To prepare the data for recommendation modeling the features strain name, rating, and description are removed from the dataset. The remaining features are put through a modified one-hot encoding approach. The approach creates a new feature for each race, flavor, and effect type available in the predefined lists of words and fills in each observation’s values with zero by default. Then, for the words present in each observation the associated word feature will be changed to one.
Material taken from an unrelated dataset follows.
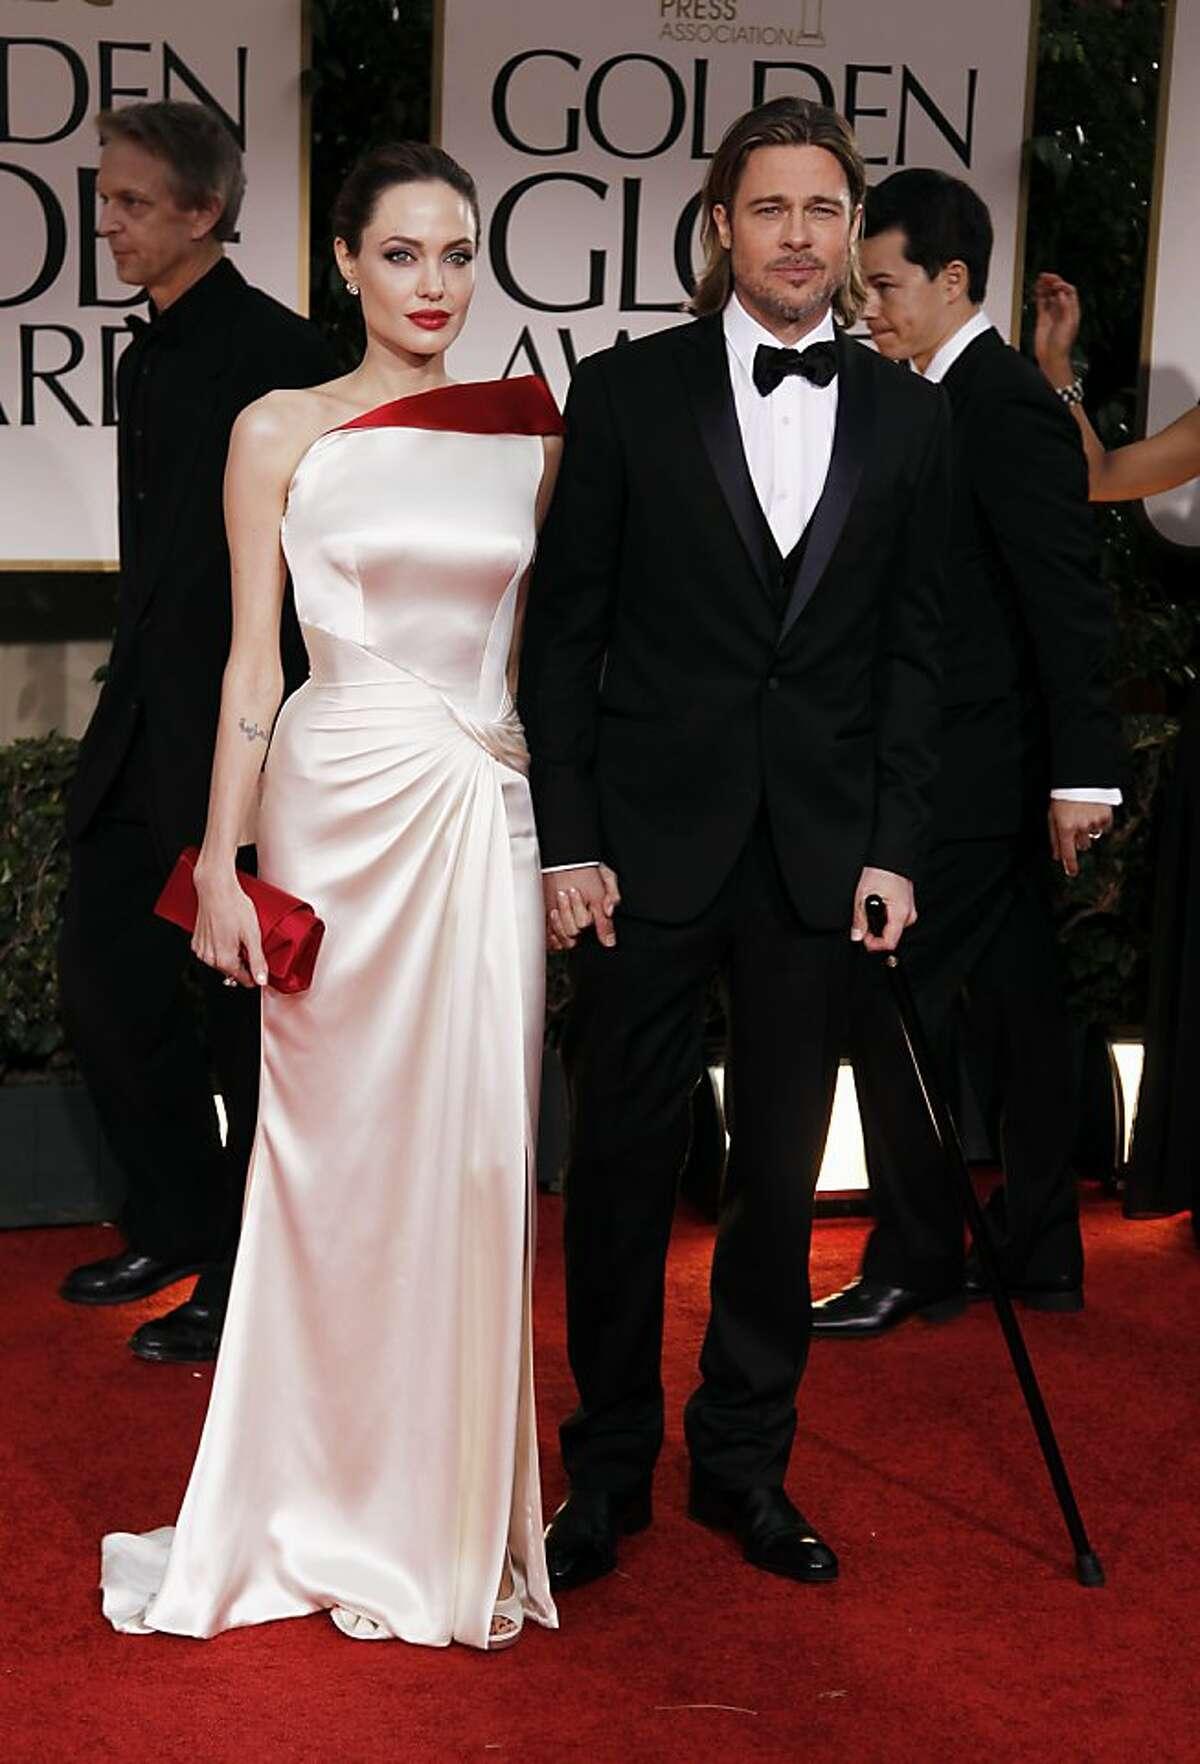 Angelina Jolie, left, and Brad Pitt arrive at the 69th Annual Golden Globe Awards Sunday, Jan. 15, 2012, in Los Angeles. (AP Photo/Matt Sayles)

The resulting dataset can be mapped within the recommendation model space as well as being optimal for user input.

User Input

The input JSON object received from the client comes in containing a key-value pair of “user_input” and a string value containing all desired effects and flavors requested by the patient separated by “, “. The user input data is converted into a list where each index represents an effect out of all total effects. Effects present in the user input string are reflected by a value of one in the created list. The resulting list is in a numerical format similar to the dataset created in the data preprocessing step.

The Model

The recommendation model used is sciklearn’s Nearest Neighbor Recommender. The Nearest Neighbor model is an unsupervised learning approach that commits the input dataset to its memory and given new observations returns the observations in memory that are closets in distance to the input. Once trained within the “modeling.ipynb” file the Nearest Neighbor model is picked and saved in a directory to be referenced by the strain API after receiving user input. The model outputs the top five closest strains in space to the input observation.